*** Block opens ***
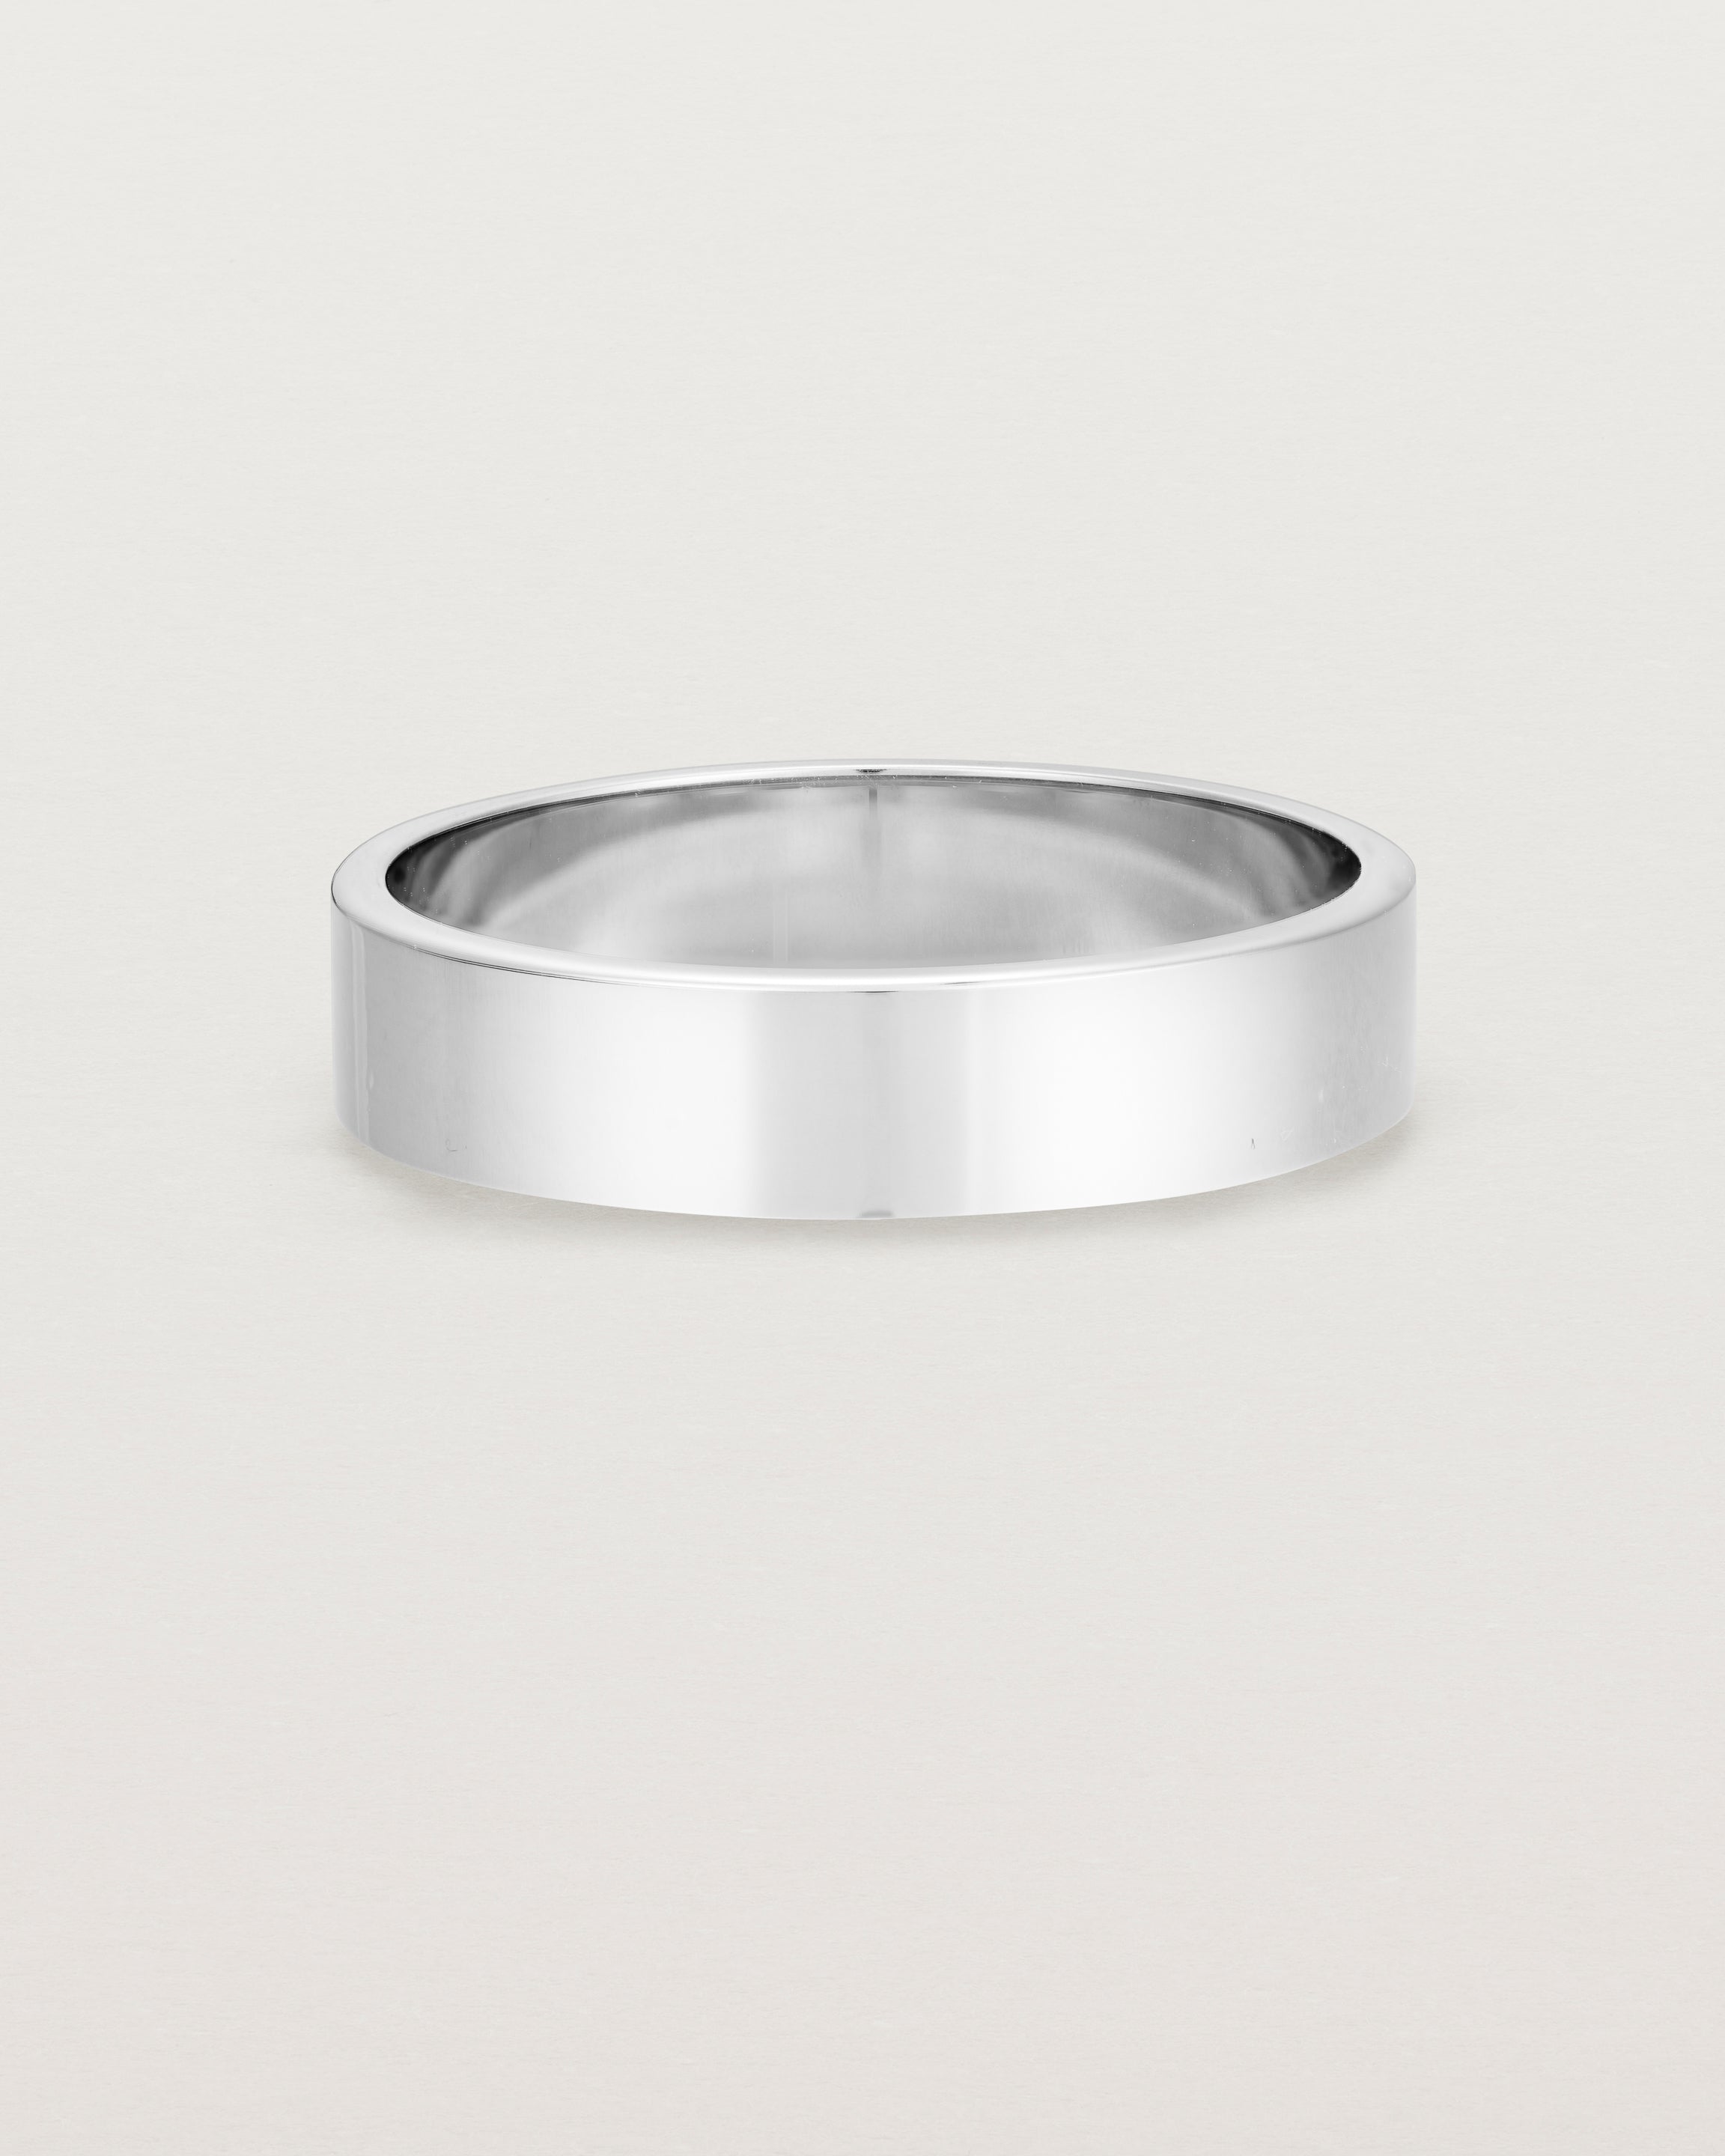 Our square profile, 5mm flat wedding band, crafted in white gold
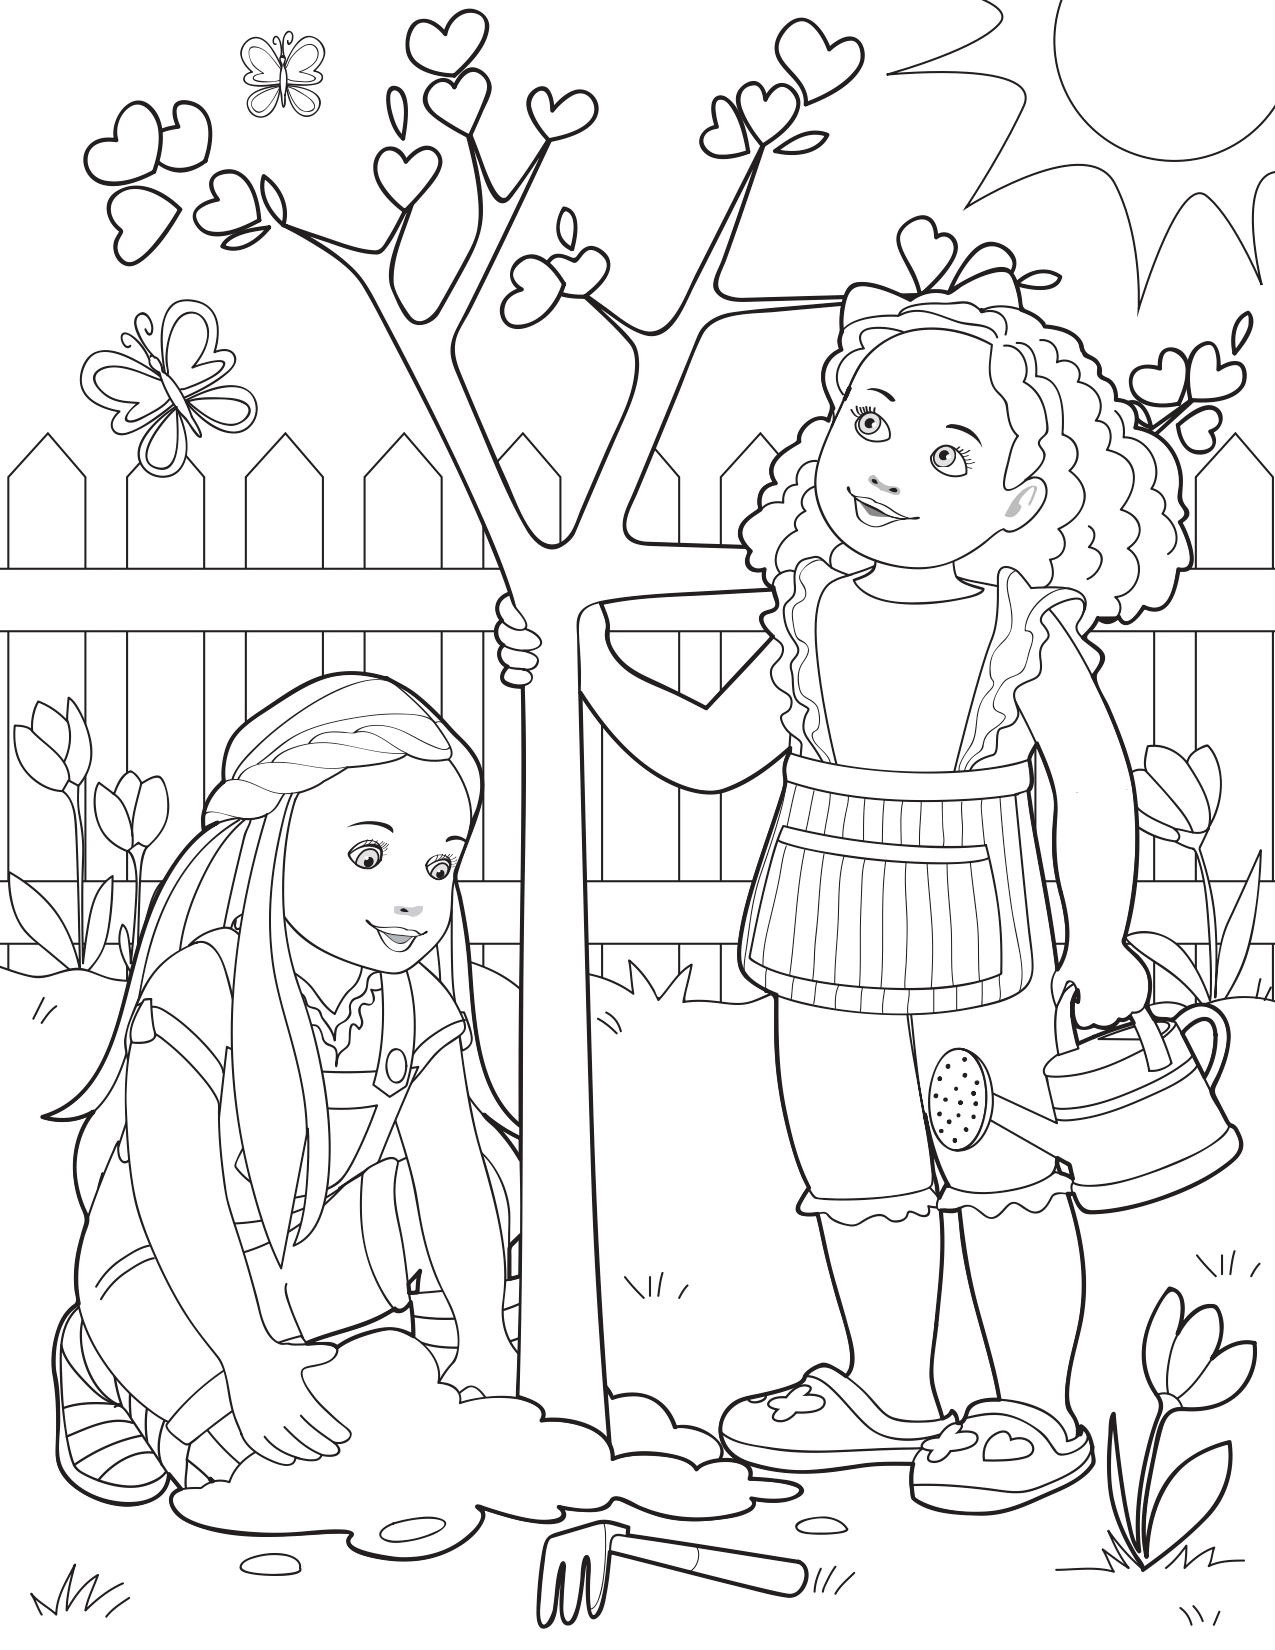 ag doll coloring pages
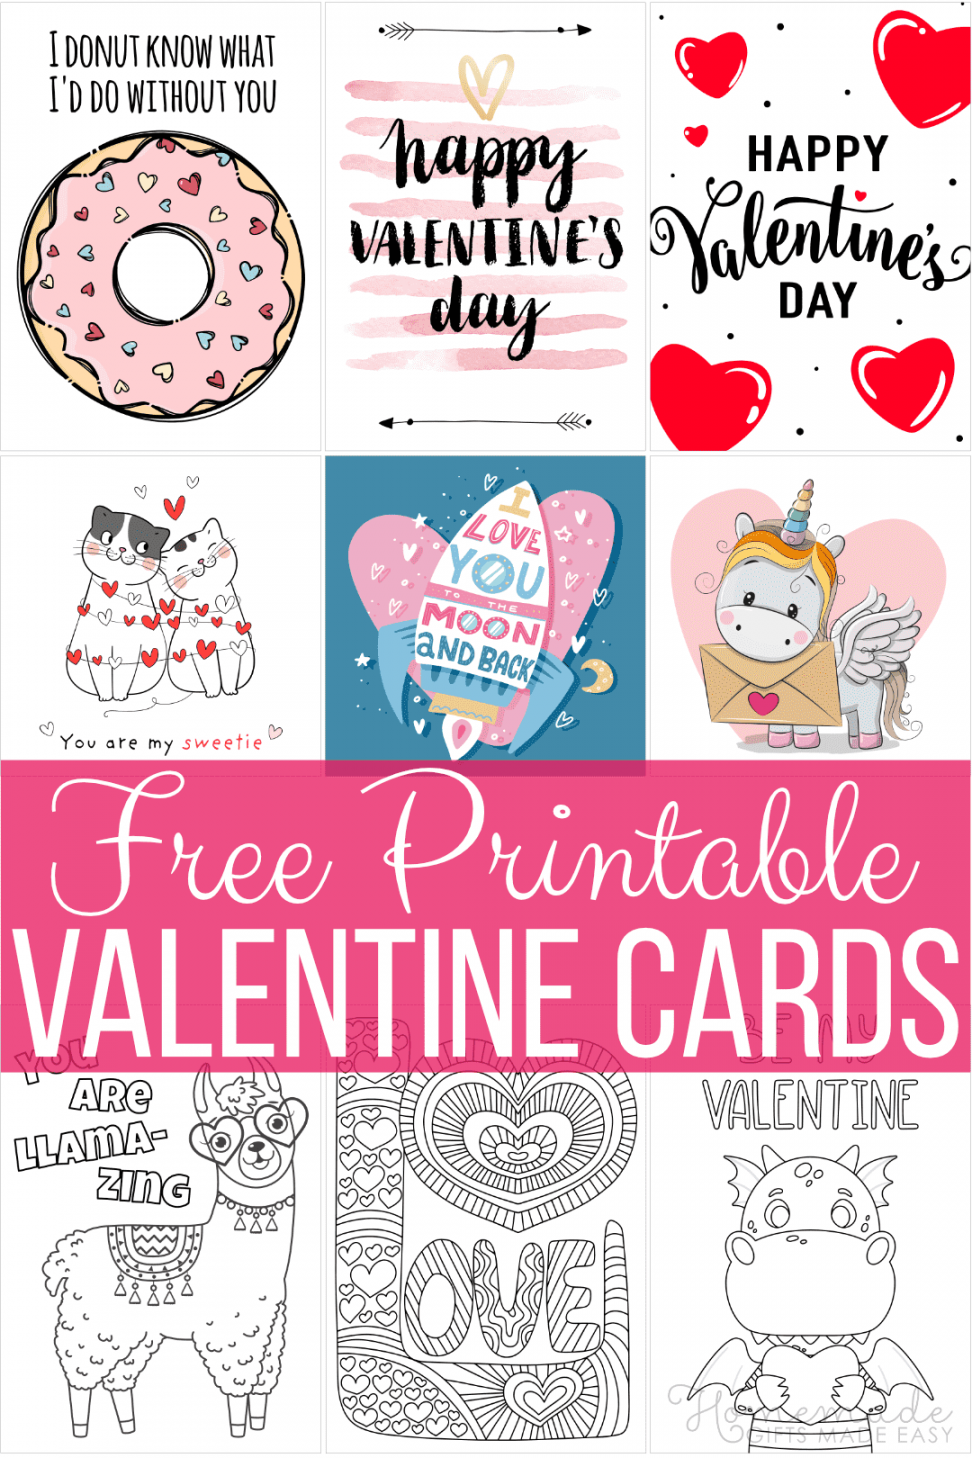 Printable Cards For Free - Printable -  Free Printable Valentine Cards for
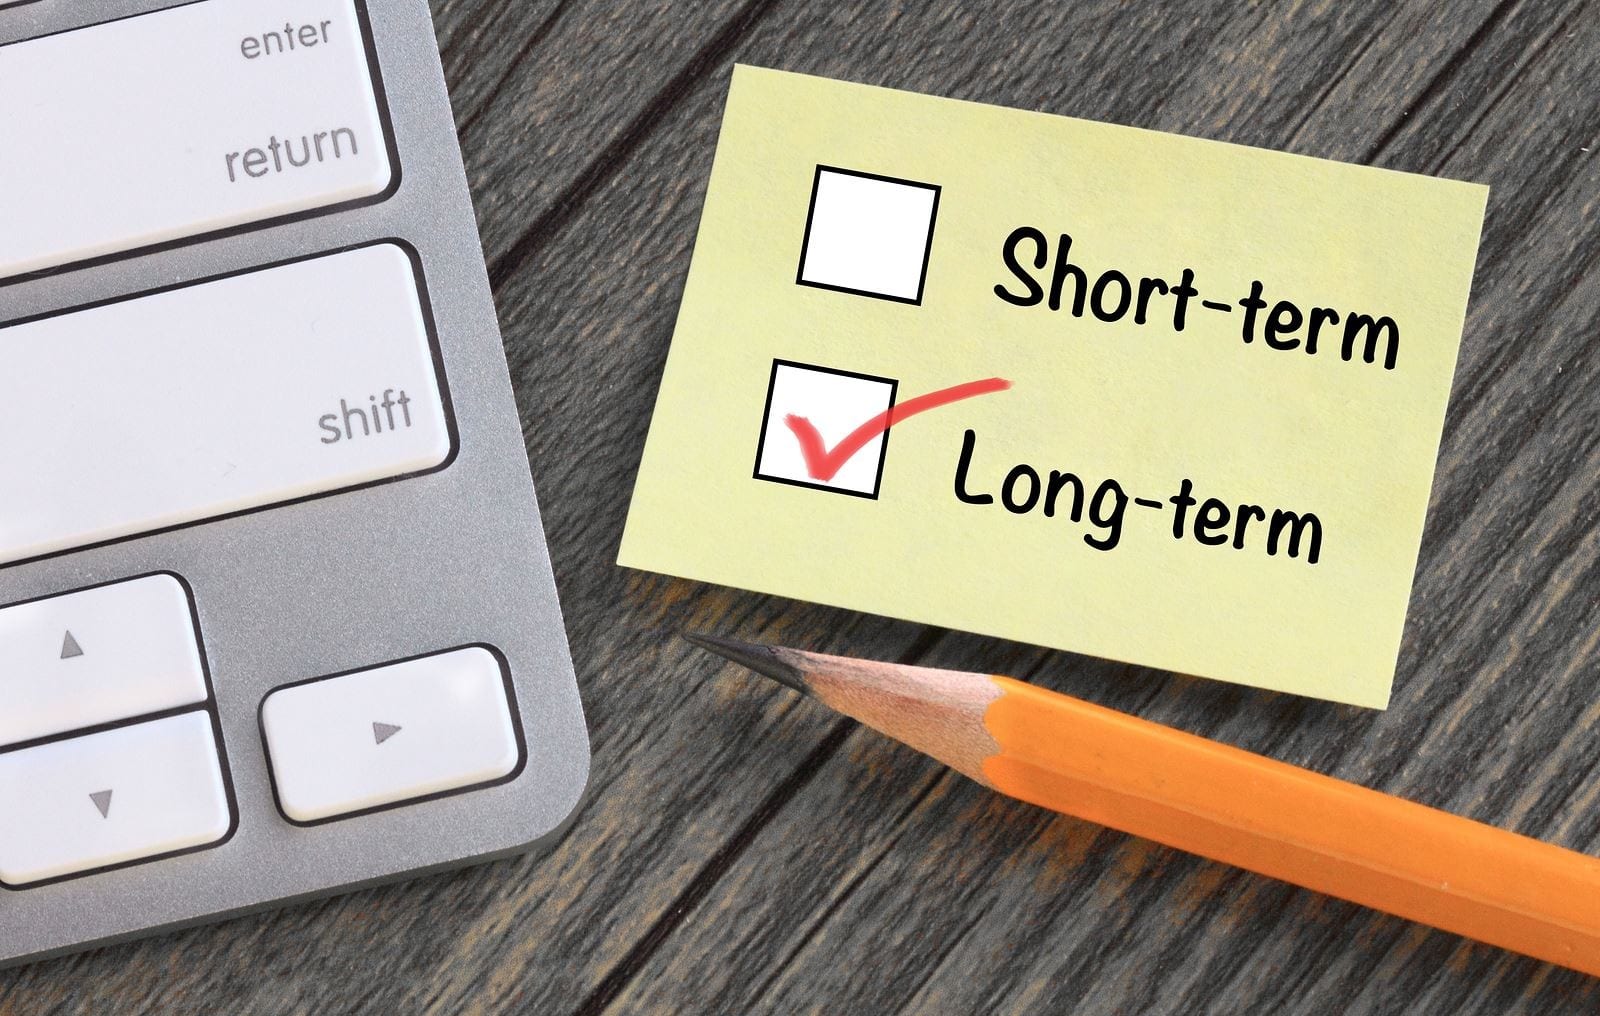 Pros and Cons: Three main long-term investment strategies
*** Block closes ***
EXERCISE DIRECTIONS: This task calls for the lines from the line containing "Printable Cards For" through the end of the listing, set down exactly and only, with pictures omitted.

EXERCISE SOLUTION:
 Printable Cards For Free - Printable -  Free Printable Valentine Cards for
 Pros and Cons: Three main long-term investment strategies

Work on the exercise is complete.